From Dougall's Hypergeometric Theorem: Corollary 6:

$\ds \map { {}_4 \operatorname F_3} { { {\dfrac n 2 + 1, n, n, n} \atop {\dfrac n 2, 1, 1} } \, \middle \vert \, -1} = \dfrac {\map \sin {\pi n} } {\pi n } $

where:

$\ds \map { {}_4 \operatorname F_3} { { {\dfrac n 2 + 1, n, n, n} \atop {\dfrac n 2, 1, 1} } \, \middle \vert \, -1}$ is the generalized hypergeometric function of $1$: $\ds \sum_{k \mathop = 0}^\infty \dfrac { \paren {\dfrac n 2 + 1}^{\overline k} \paren {n^{\overline k} }^3 } { \paren {\dfrac n 2}^{\overline k} \paren {1^{\overline k} }^2 } \dfrac {\paren {-1}^k} {k!}$
$x^{\overline k}$ denotes the $k$th rising factorial power of $x$
$\map \Gamma {n + 1} = n!$ is the Gamma function.

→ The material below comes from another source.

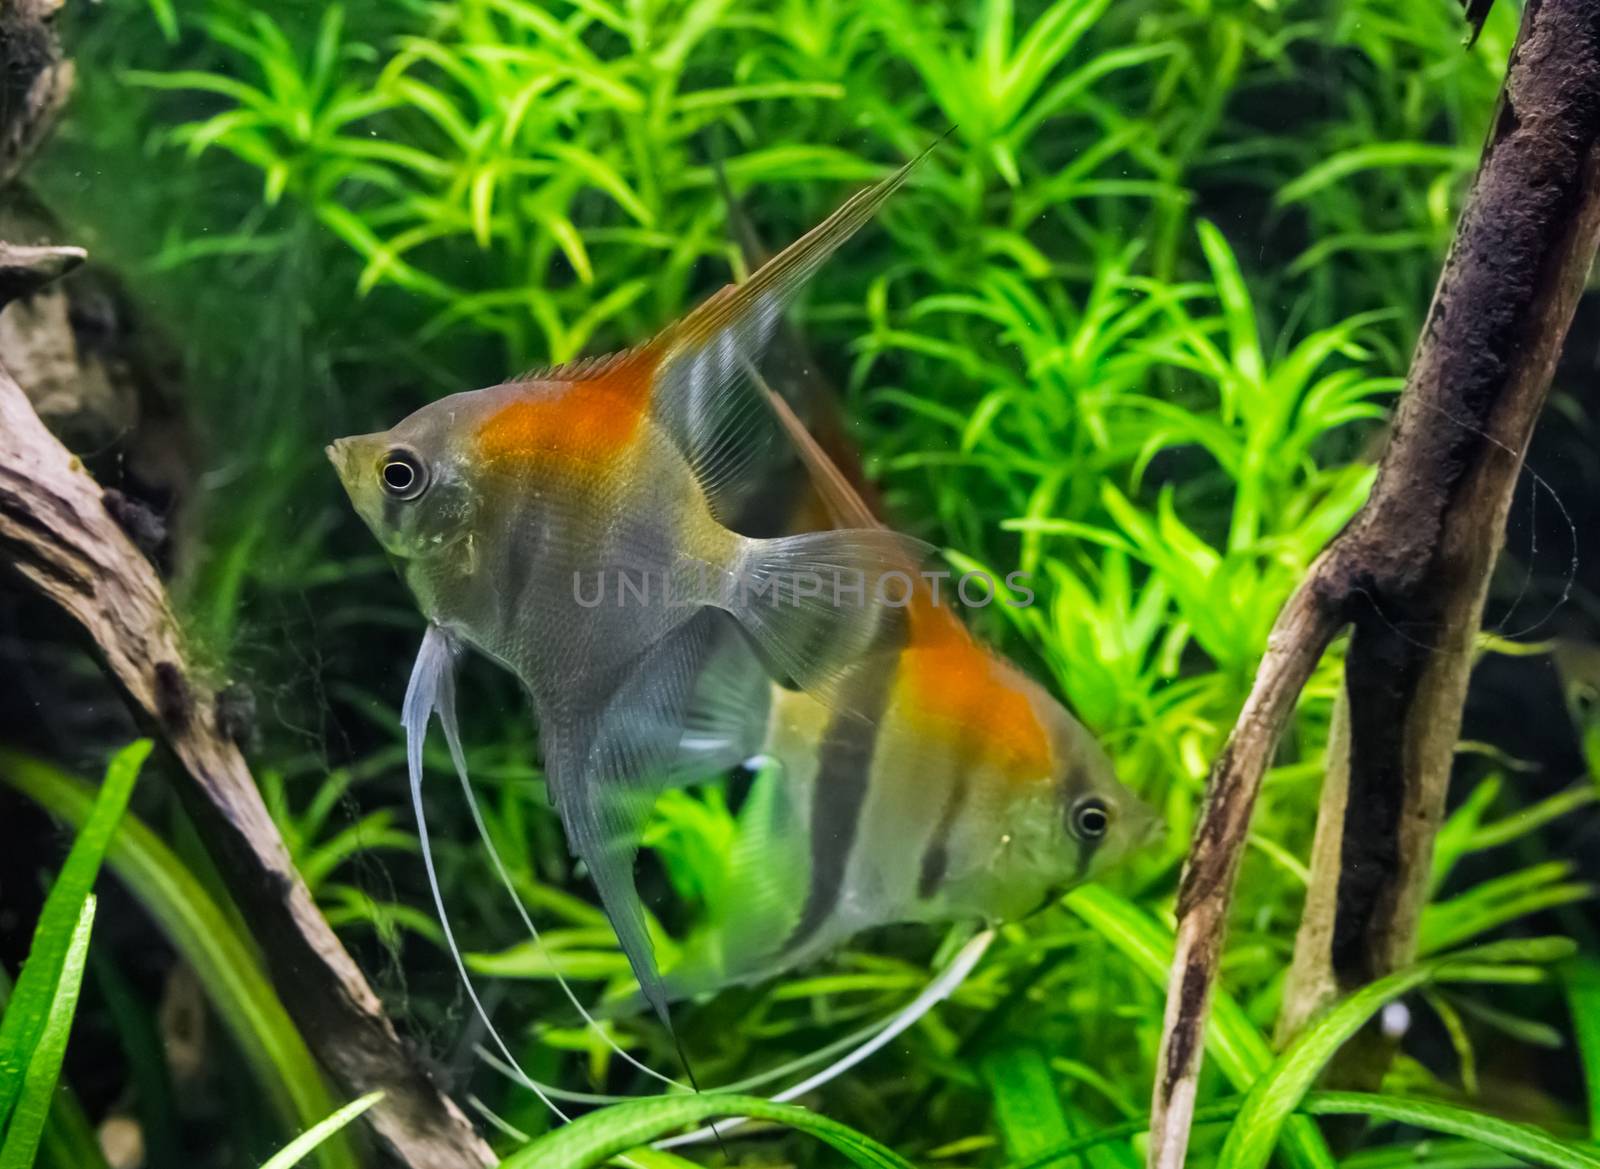 redback moonfishes swimming together in the water, a tropical fish pet from Rio Manacapuru

On the left hand side we have:

\(\ds \map { {}_4 \operatorname F_3} { { {\dfrac 5 4, \dfrac 1 2, \dfrac 1 2, \dfrac 1 2} \atop {\dfrac 1 4, 1, 1} } \, \middle \vert \, -1}\) \(=\) \(\ds \sum_{k \mathop = 0}^\infty \dfrac {\paren {\dfrac 5 4}^{\overline k} \paren {\paren {\dfrac 1 2}^{\overline k} }^3 } { \paren {\dfrac 1 4}^{\overline k} \paren {1^{\overline k} }^2} \dfrac {\paren {-1}^k} {k!}\) Definition of Generalized Hypergeometric Function
\(\ds \) \(=\) \(\ds 1 - \dfrac {\paren {\dfrac 5 4} \paren {\dfrac 1 2}^3 } {\paren {\dfrac 1 4} \paren {1!}^3 } + \dfrac {\paren {\dfrac 5 4 \times \dfrac 9 4} \paren {\dfrac 1 2 \times \dfrac 3 2}^3} {\paren {\dfrac 1 4 \times \dfrac 5 4} \paren {2!}^3} - \dfrac {\paren {\dfrac 5 4 \times \dfrac 9 4 \times \dfrac {13} 4} \paren {\dfrac 1 2 \times \dfrac 3 2 \times \dfrac 5 2}^3} {\paren {\dfrac 1 4 \times \dfrac 5 4 + \dfrac 9 4} \paren {3!}^3} + \cdots\) One to Integer Rising is Integer Factorial, $1^k = 1$, Number to Power of Zero Rising is One
\(\ds \) \(=\) \(\ds 1 - 5 \paren {\dfrac 1 2}^3 + 9 \paren {\dfrac {1 \times 3} {2 \times 4} }^3 - 13 \paren {\dfrac {1 \times 3 \times 5} {2 \times 4 \times 6} }^3 + \cdots\)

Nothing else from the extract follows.